The Delta Rule, first proposed by Widrow and Hoff in 1960, frames this differently. It sees the state $\mathbf{S}$ as a set of weights for an online learning problem. The goal is to update $\mathbf{S}$ so that when queried with a key $\mathbf{k}$, it produces the corresponding value $\mathbf{v}$. When a new $(\mathbf{k_t}, \mathbf{v_t})$ pair arrives, we update the state to correct the error on this new example. This update rule, for a single step of gradient descent, is:

$$ S_t = S_{t-1}(I - \alpha k_t^T k_t) + \alpha v_t^T k_t $$

Let’s break this down:

$S_{t-1}(I - \alpha k_t^T k_t)$: This is the “erase” step. We take the old state $S_{t-1}$ and subtract a portion $\alpha$ of the information it holds specifically at the address $k_t$.
$+ \alpha v_t^T k_t$: This is the “write” step. We add the new information $v_t$ at the address $k_t$.

Instead of just adding, the Delta Rule allows the model to partially replace old information with new information at a specific key. It can finally take the red dye out of the bucket.
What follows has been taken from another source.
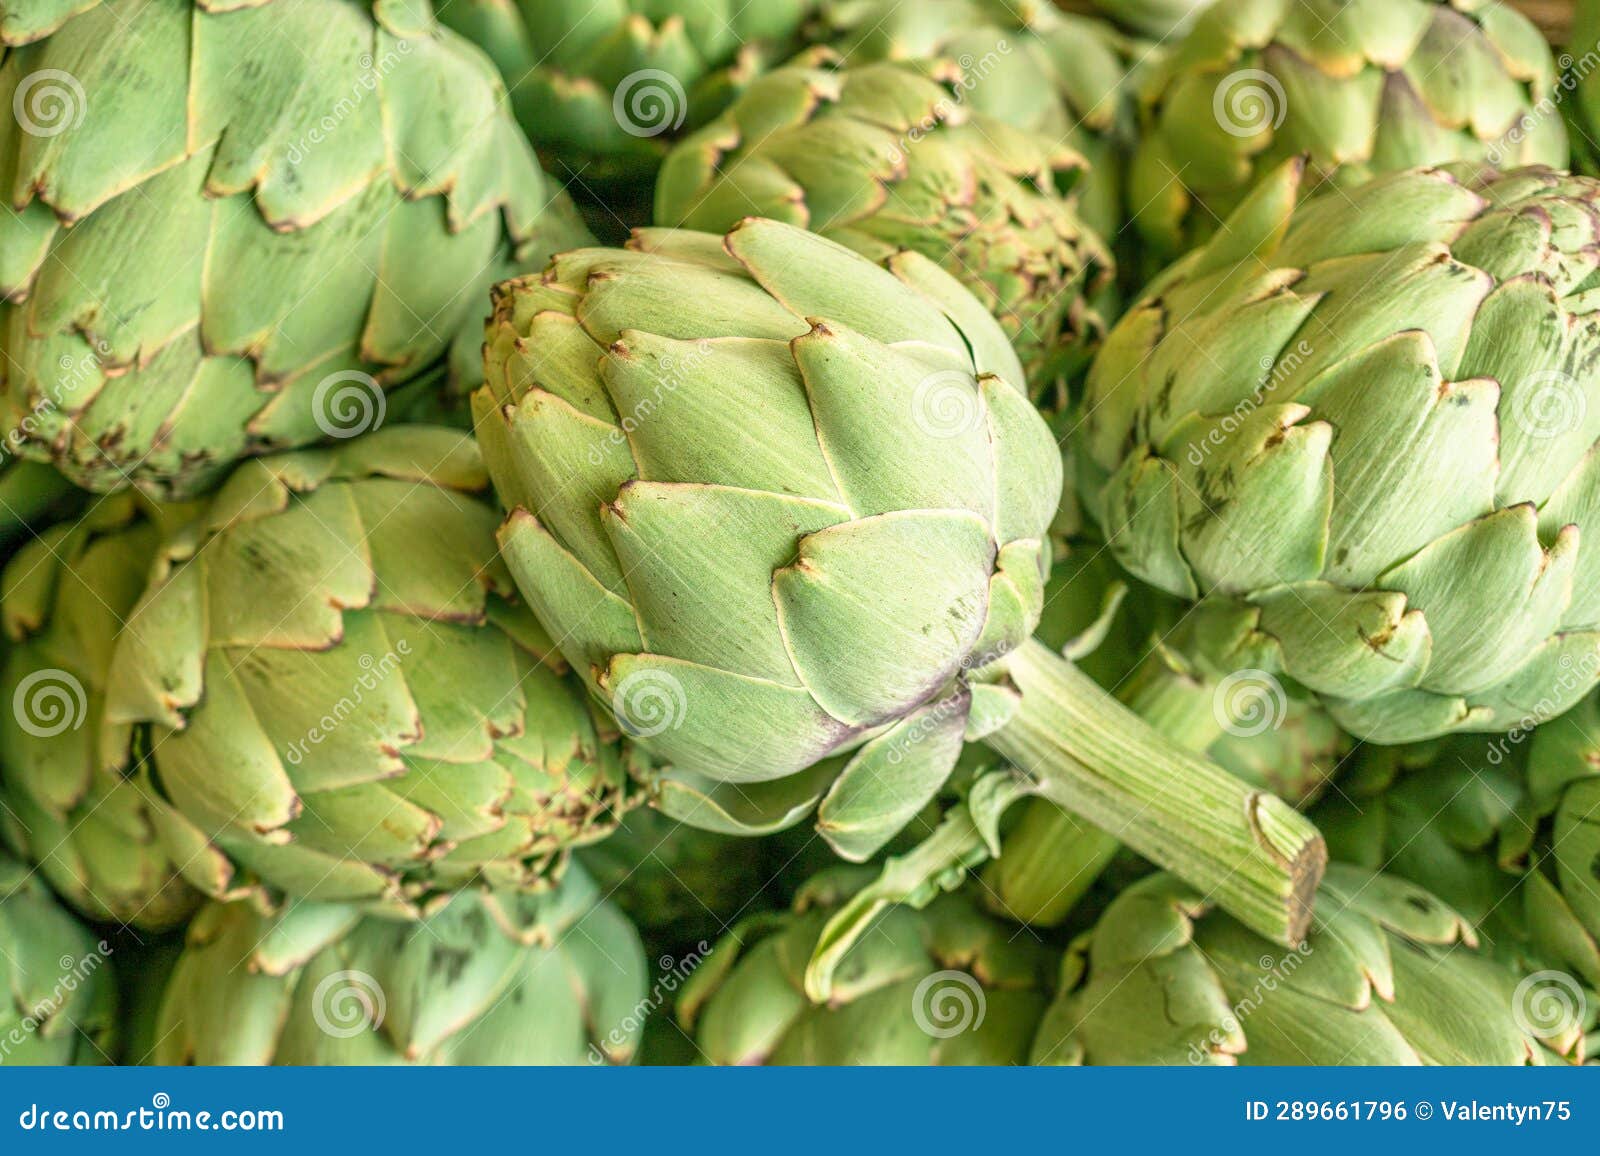 green french artichoke flowers buds on the farm market stall

This is the conceptual heart of RWKV-7.

Generalized Delta Rule

RWKV-7 takes this core idea and supercharges it. The full state evolution looks like this:

$$ S_t = S_{t-1} G_t + v_t^T k_t $$

Let’s dissect this. The new $(\mathbf{k_t}, \mathbf{v_t})$ pair is added, but the most interesting part is the state transition matrix $\mathbf{G}_t$, which is applied to the old state $\mathbf{S}_{t-1}$.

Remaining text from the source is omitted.